На следующий день на равнине среди лесов Маншитанга царит оживление. Приближаются морозы, и тибетцы погнали свои стада с высокогорных пастбищ. Начинается сезон больших переходов. Краснокожие сыновья горной страны направляются верхом из Гималаев в Гангток, Калимпонг, Дарджилинг, чтобы продать шерсть, шкуры, ковры и другие пожитки. Рядом с моей палаткой расположилась целая ватага тибетцев со своими детьми и домочадцами. Их лошади пасутся. Высоко наверху сияют белым цветом острые зубцы гор Кулмен. Тишину залитого солнцем дня лишь иногда прерывают унылый крик канюка да звонкий свист боязливого фазана, доносящийся из джунглей. О нашей лишенной отпечатка времени осени напоминает богатство фиолетовых красок цветущих на мшистых столах деревьев орхидей. Девственные леса кишат пестрыми птицами, которых ранняя зима, спускающаяся с ледяных гор, заставляет спускаться ниже к земле. Ландшафт оживает цветными разнообразием: дятлами с ярко-алыми головами, какими-то неведомыми солнечными птичками, чье оперение переливается всеми цветами радуги, робкими дроздами, целой армией пищащих йеночек и красногрудыми поползнями. Небо пронзительно голубое, оно уравновешивает темные джунгли, сверкая белыми облаками, плывущими над нагромождением отвесных скал. А внизу продолжает шипеть прозрачная вода сине-зеленого цвета, которая продолжает свое вечное путешествие. Здесь можно было бы неделями предаваться мечтанием, если бы нас деятельно не побудили к дальнейшим действиям.

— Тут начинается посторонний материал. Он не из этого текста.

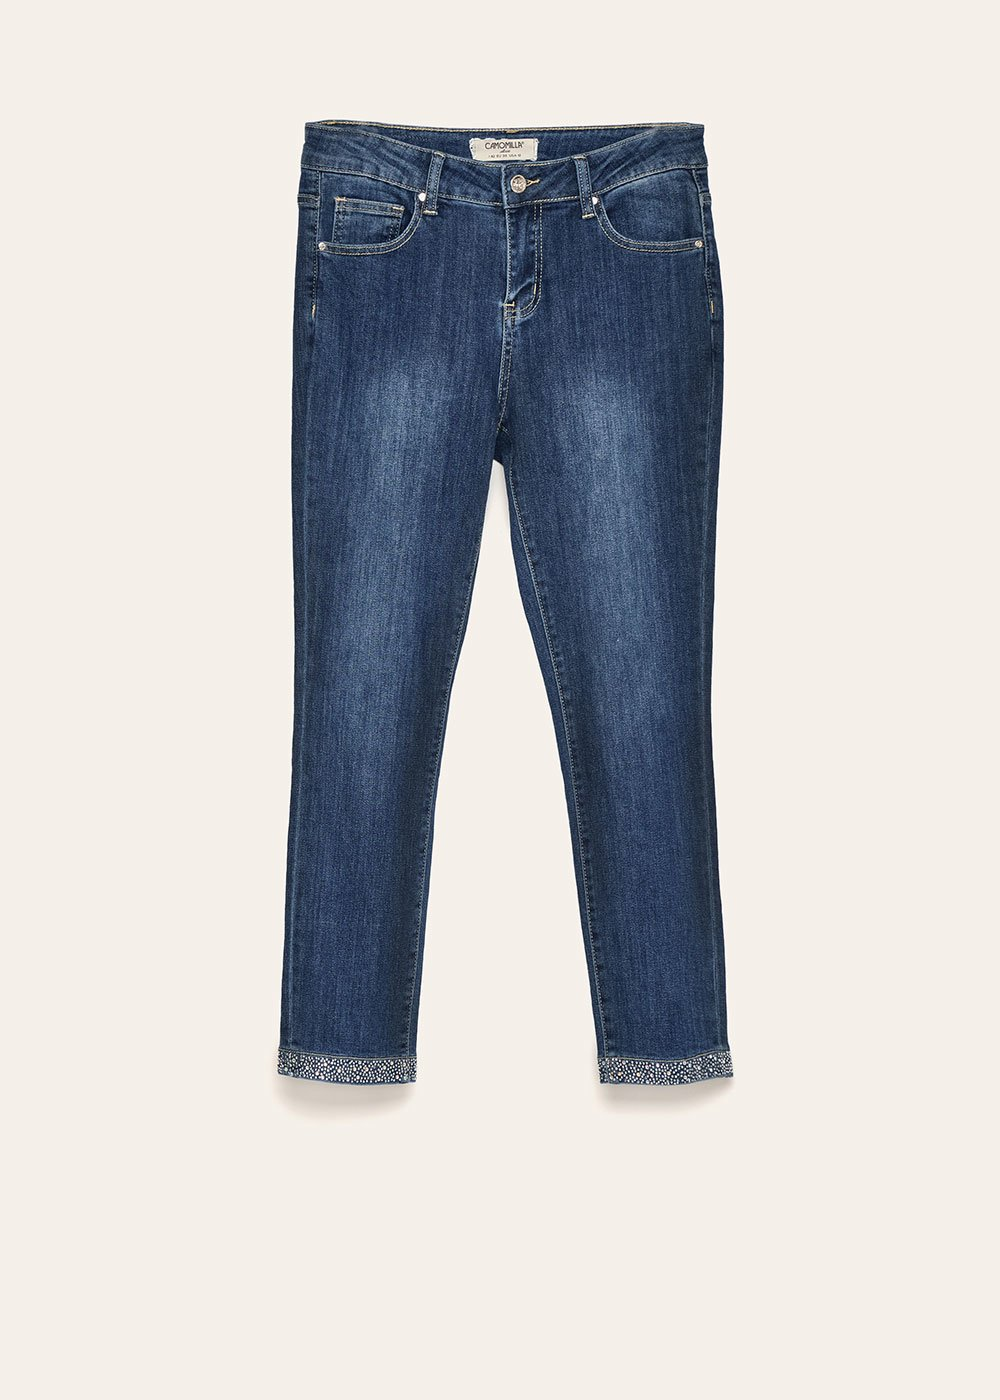 David capri pants with rhinestone hem - Dark Denim - Woman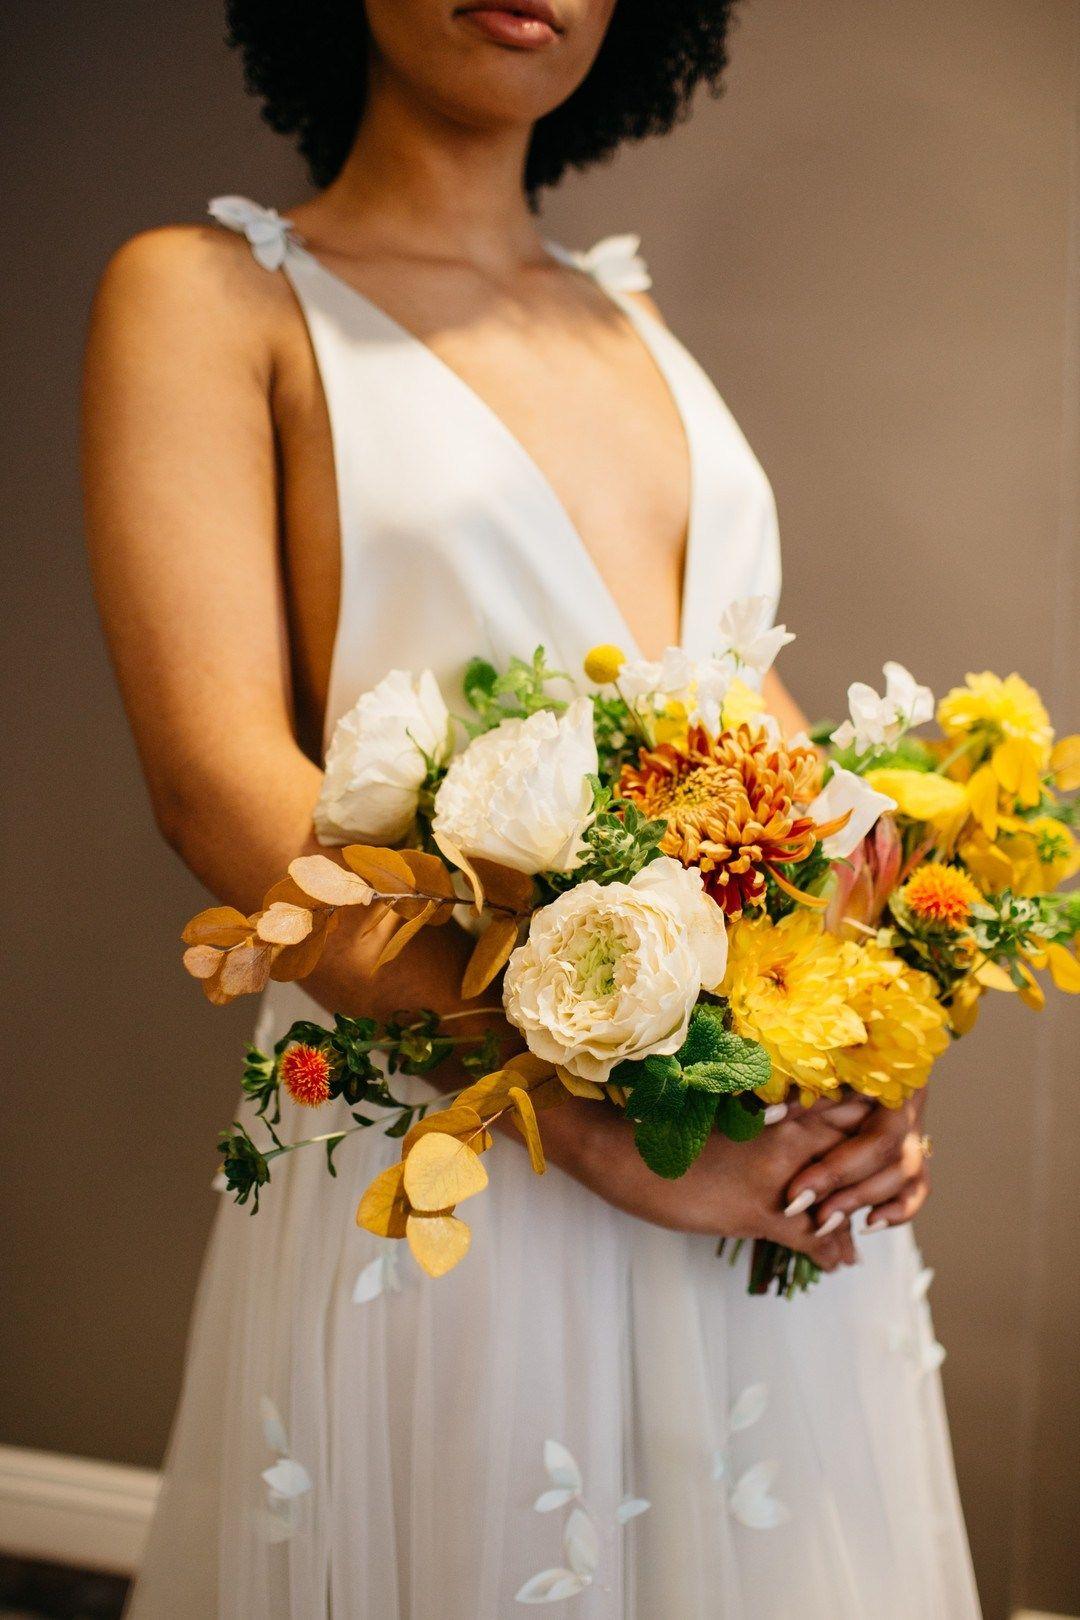 wes anderson travel themed wedding ideas flower power wedding rh pinterest com

Во второй половине дня прибыл Геер, который нанял носилыщиков в Цунгганге и распределил между ними задачи. Прибыв в лагерь, он приносит радостную весть, что наша свита буклет на месте завтра в 8 часов утра, а стало быть, тогда и надо будет выступать. Боже мой, надо же все привести в порядок и собраться, чтобы к завтра быть готовыми к походу. Проверяются все банки (плотно ли закрыты), а обувь смазывается. Только тогда мы готовы.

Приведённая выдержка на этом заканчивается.